Chi è “Anita”? Nel caso di Alain Elkann, una figura protagonista della sua vita vissuta, ritratta tra sogno e realtà, così come narrata nel suo ultimo libro dal titolo omonimo, Ed. Bompiani 2019, presentato a Roma il 14 febbraio scorso all’interno degli spazi dell’Associazione Civita presso la sede di Piazza Venezia. Poi, c’è lui, Misha, figlio di un notissimo religioso ebreo che vive un rapporto intenso di amore-odio nei confronti della figura paterna, troppo importante, così lontana e assente per non voler a ogni costo stargli accanto per l’eternità, nella stessa sepoltura e nella stessa tomba di Montparnasse a Parigi, in modo da poter stabilire finalmente con lui un dialogo infinito. Vissuto randagio, nelle mani di fredde e rigide istitutrici, Misha come molti pellegrini senza una vera patria ha girovagato sulle sparse membra di questa terra, a New York, Parigi, Torino, Gerusalemme, Tel Aviv e anche altrove. In quel suo vagabondare ricco di donne, mogli e figli, incontra a tarda età l’amore della sua vita: Anita, appunto. Se ne innamora così tanto, che vorrebbe costruirsi una macchina del tempo in modo da conoscerla ancora giovane, farci almeno tre figli e amarla come nessuno ha mai amato una donna.
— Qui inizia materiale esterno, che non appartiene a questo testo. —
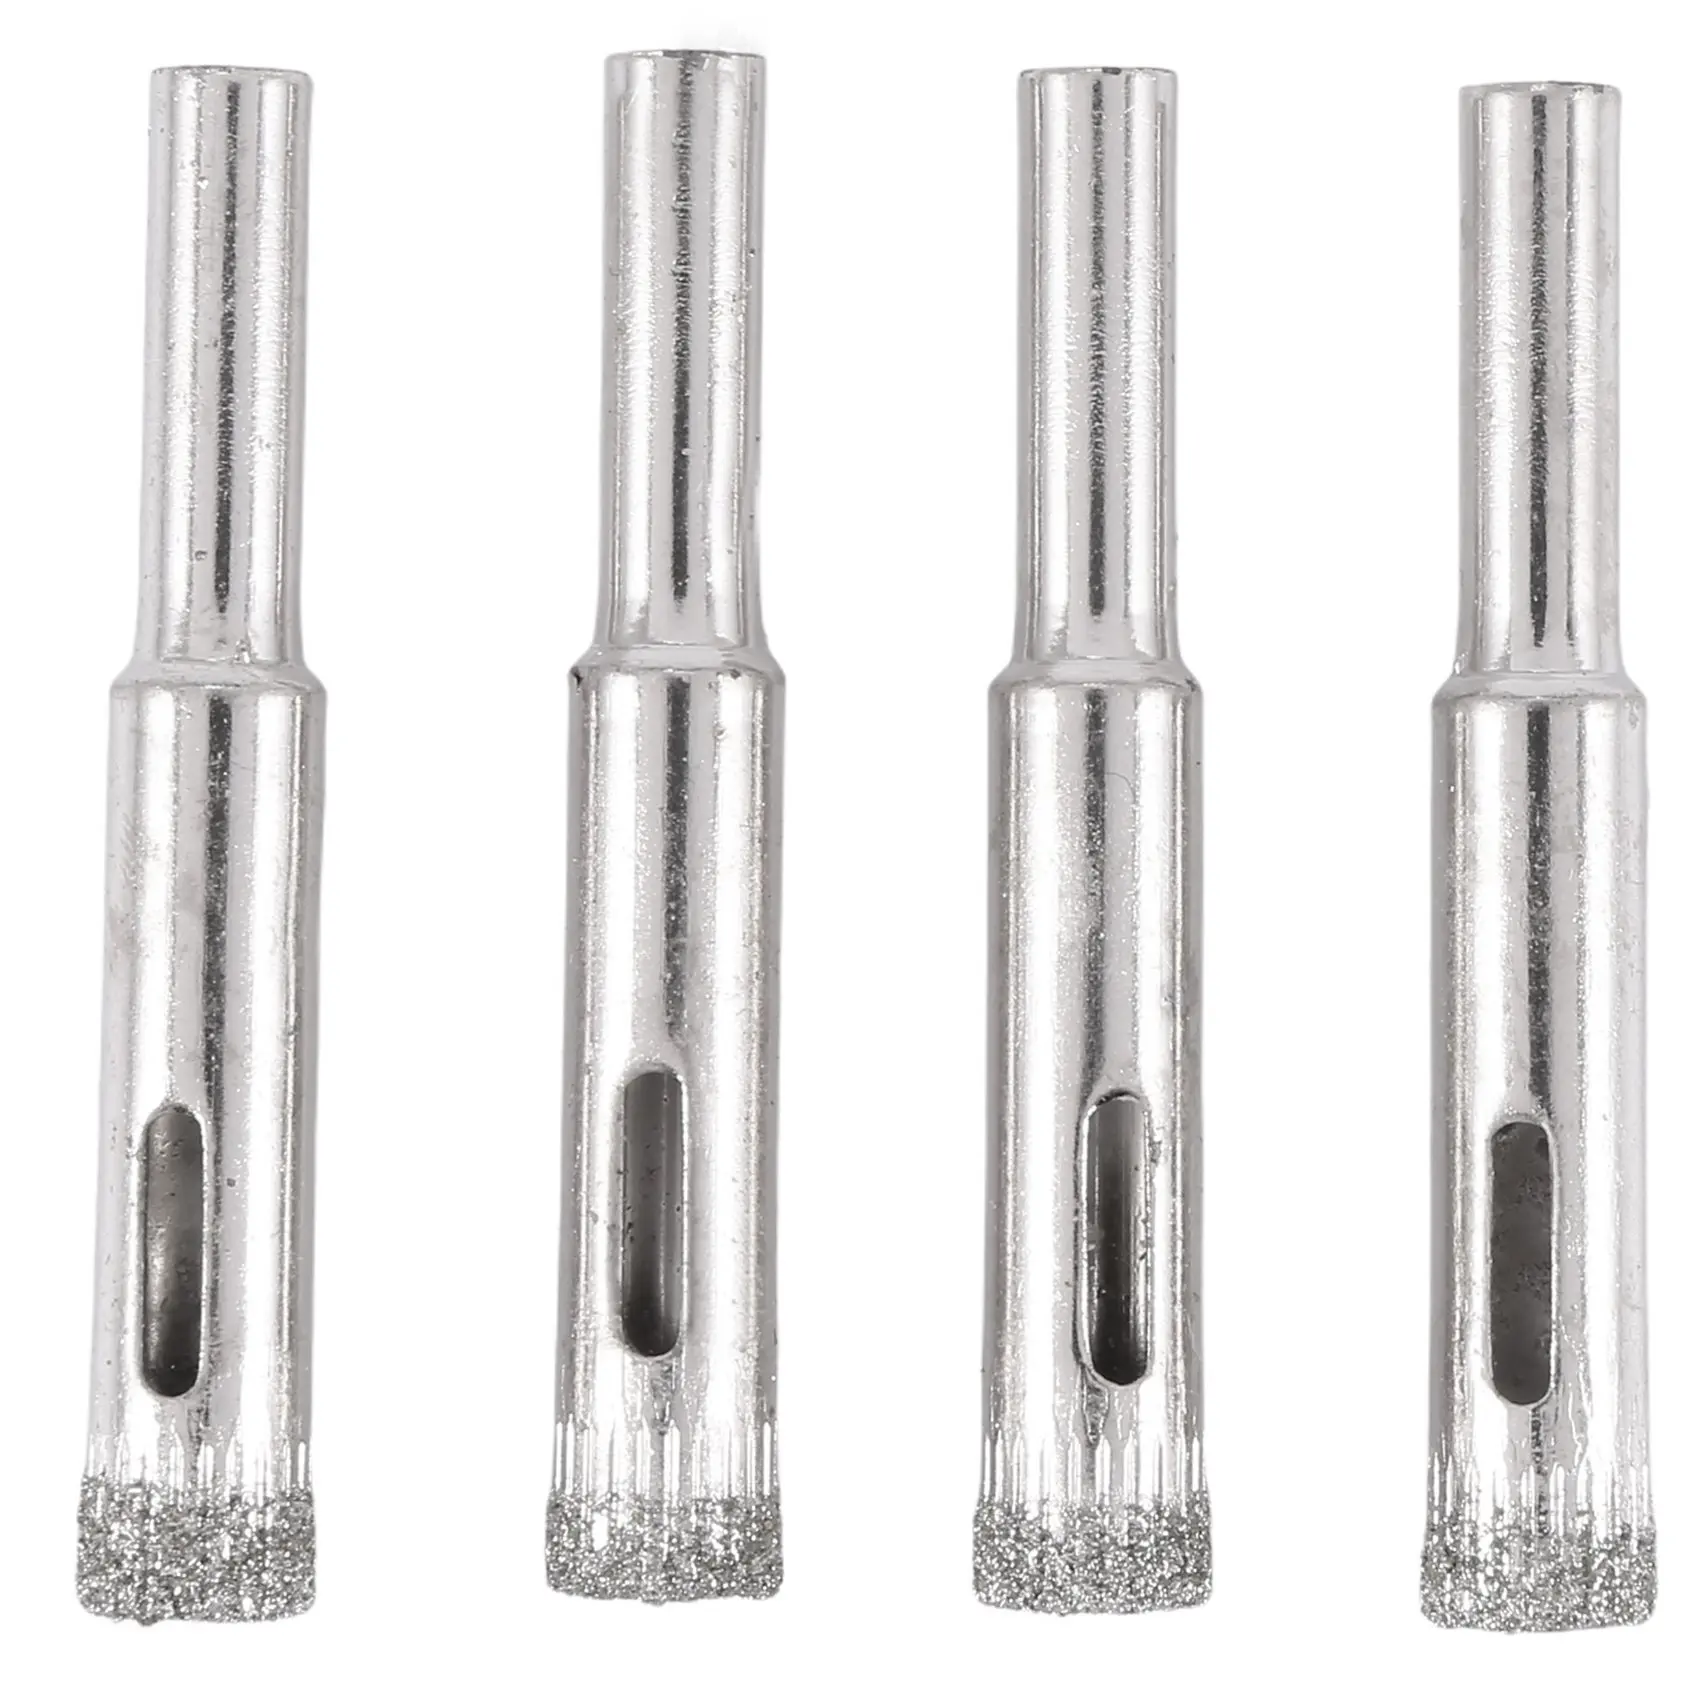 

50 Pcs Diamond Coated Drill Bit for 8 mm Diamond Pointed Hole Saw, for Ceramic Tiles, Glass, Kitchen Ceramics, Marble

Intanto, però, la loro vita adulta in comune si arricchisce a dismisura nella convivenza di problemi dei figli già grandi, di amicizie che l’uno va ereditando dall’altra, ricamate o imbastite come merletti fini da personalità estroverse, capricciose, mutevoli e folli. Eppure, così simbiotiche da lasciare un vuoto terribile quando vengono a mancare prima del tempo, distrutte da vizi coltivati con ossessività fino a farli marcire. In questo semiparadiso in terra, però, si insinua un tarlo gigantesco, destinato a divaricare come un forcipe l’utero di quell’amore così vero, unico, mettendo al mondo un mostriciattolo che lo divorerà dall’interno, come farebbe un ragno che si nutre delle viscere degli insetti rimasti prigionieri nella sua tela di lucido acciaio setoso. Per quanto possa sembrare strano e paradossale, il pomo della discordia è il trattamento post-mortem delle loro spoglie mortali. L’uno vuole essere seppellito per intero in una tomba possibilmente di famiglia; l’altra invece è assolutamente determinata a farsi cremare. E una discussione che sembrerebbe così tanto banale arriva in modo inatteso a farsi pregnante nel loro rapporto, un vero dominus perturbativo della relazione di coppia.

È l’Autore stesso a chiarire questo aspetto fondamentale nel corso della presentazione del suo libro: “Anita è una meditazione sull’esistenza dove si racconta di uno strano derby all’interno di amori che arrivano oltre la metà della vita: si appronta così una narrazione che intende rappresentare l’utilità di chi vuole con un’unione tardiva mettere in gioco anche tutto ciò che si è vissuto separatamente”. Naturale, forse, quando appunto due amanti si incontrano in età avanzata. La questione di cui i due dibattono fino allo stremo (e che causerà la fine della loro relazione) è: “Che cosa fare, decidendolo in vita, della propria spoglia mortale dopo il trapasso? Anita è per la cremazione perché, dice, le ceneri sono più democratiche: si possono dividere in due mucchietti uguali, ad es., tra il marito e l’amante. E, poi, è possibile tenerle in casa per farci compagnia mentre stiriamo. Nel frattempo, Misha, compagno di Anita, deve vedersela con la sorella che eredita dalla madre l’usufrutto della tomba di famiglia, da cui lui si sente pertanto estromesso, venendogli così a mancare anche quella sua programmata dimora finale. La Morte è un’idea, un accadimento inevitabile e molto concreto con cui fare i conti”. Purché il dilemma “ceneri sì, ceneri no” non giunga al punto irreversibile di far fuggire per sempre l’amore unico e vero della propria vita!